=== EXERCISE DETAILS ===
Would you repeat exactly the part of the listing below that runs from the line containing "Reebok Women Coral" down to the line containing "Elegant Floral Tattoo on Wrist", inclusive, and nothing else?

=== INFORMATION PROVIDED ===
━━━━

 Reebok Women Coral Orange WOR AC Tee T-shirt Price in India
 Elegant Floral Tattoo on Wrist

━━━━

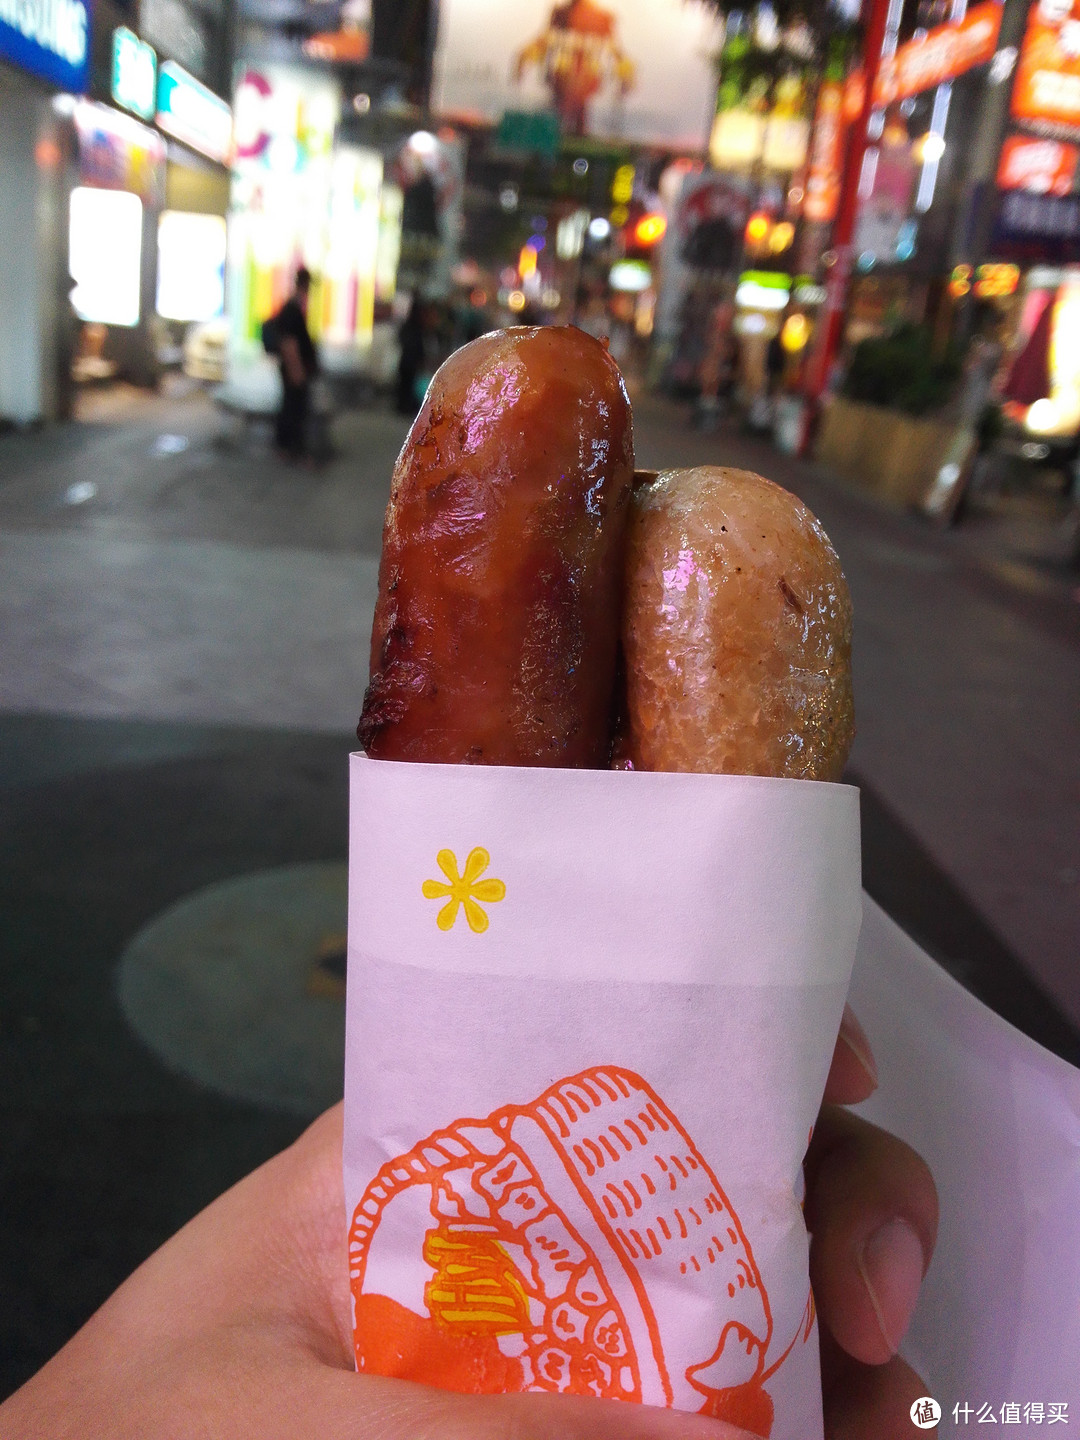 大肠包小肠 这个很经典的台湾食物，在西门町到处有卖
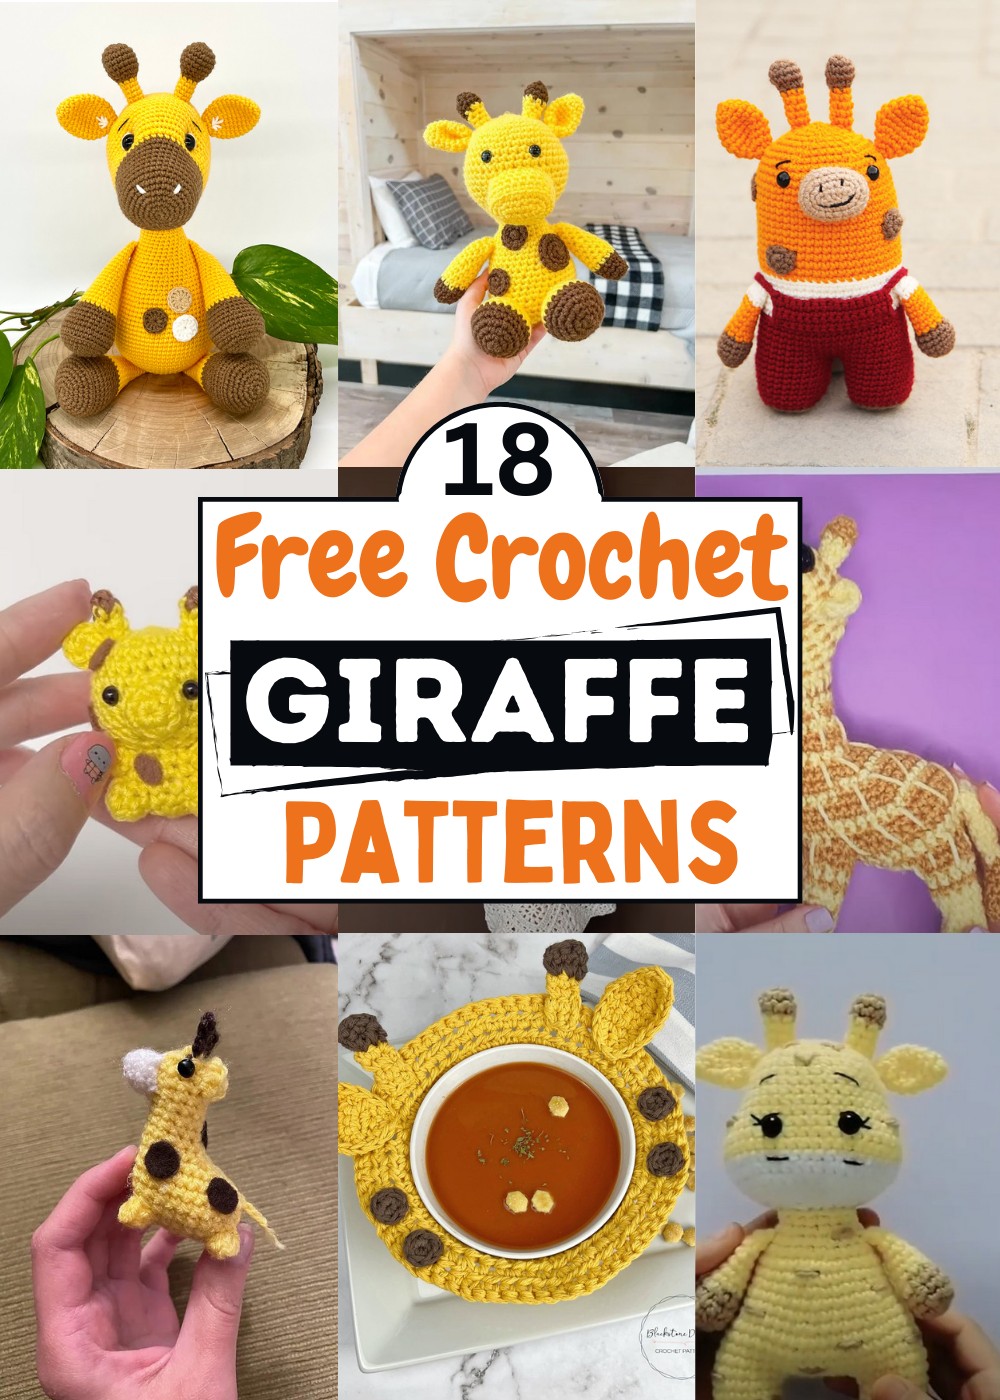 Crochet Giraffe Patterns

━━━━

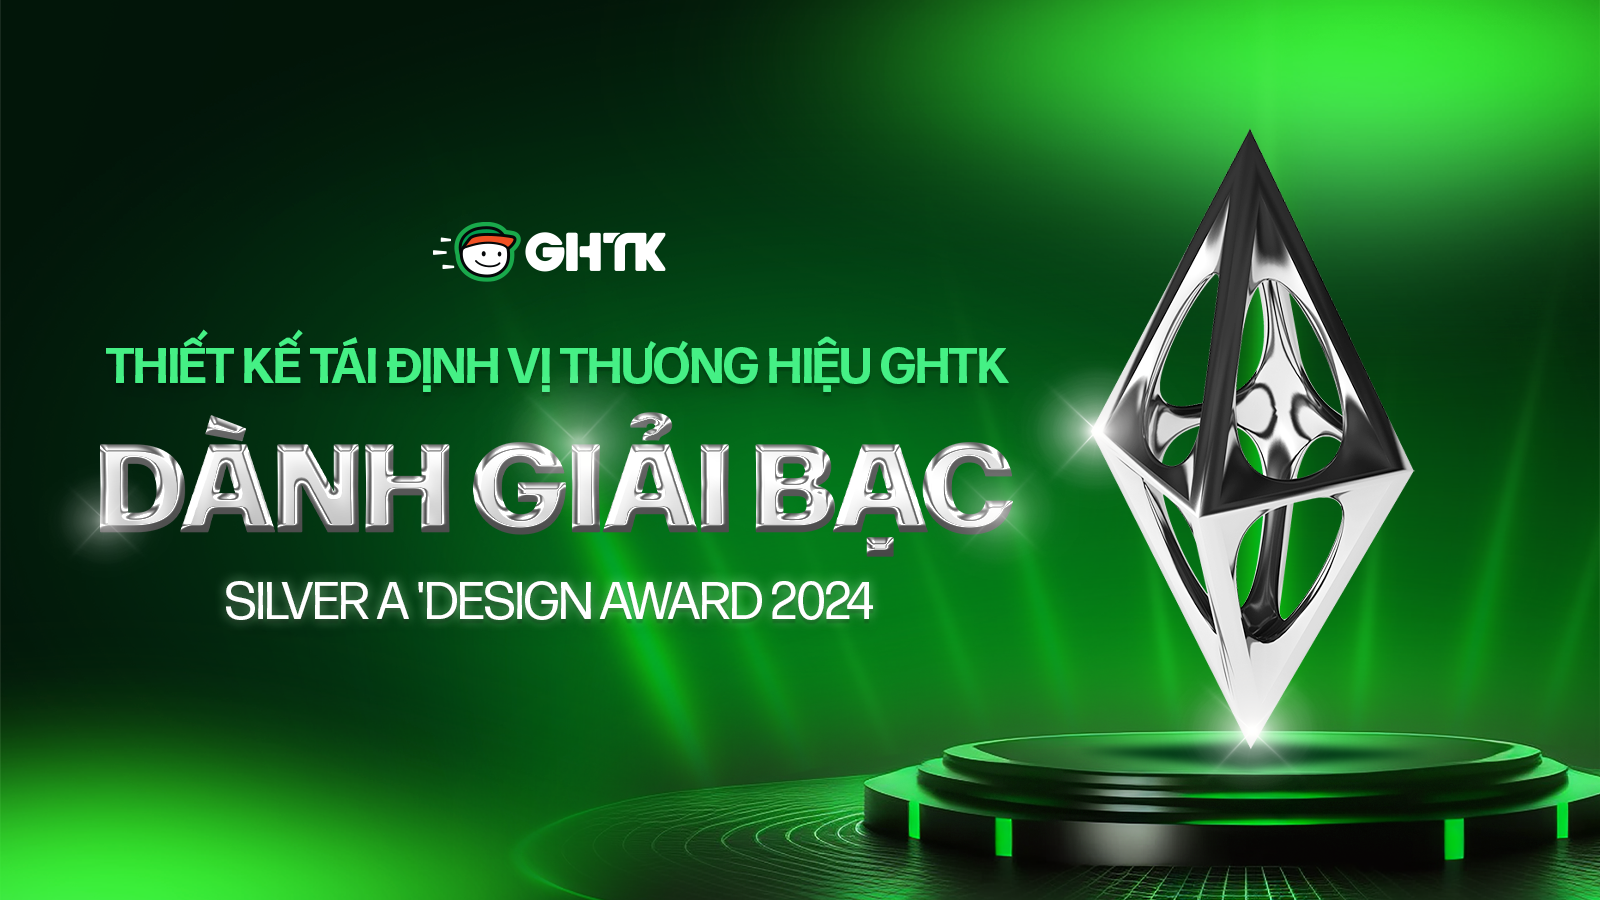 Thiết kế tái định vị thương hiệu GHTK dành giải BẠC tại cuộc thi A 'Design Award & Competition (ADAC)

━━━━

=== ANSWER TO THIS PROBLEM ===
 Reebok Women Coral Orange WOR AC Tee T-shirt Price in India
 Elegant Floral Tattoo on Wrist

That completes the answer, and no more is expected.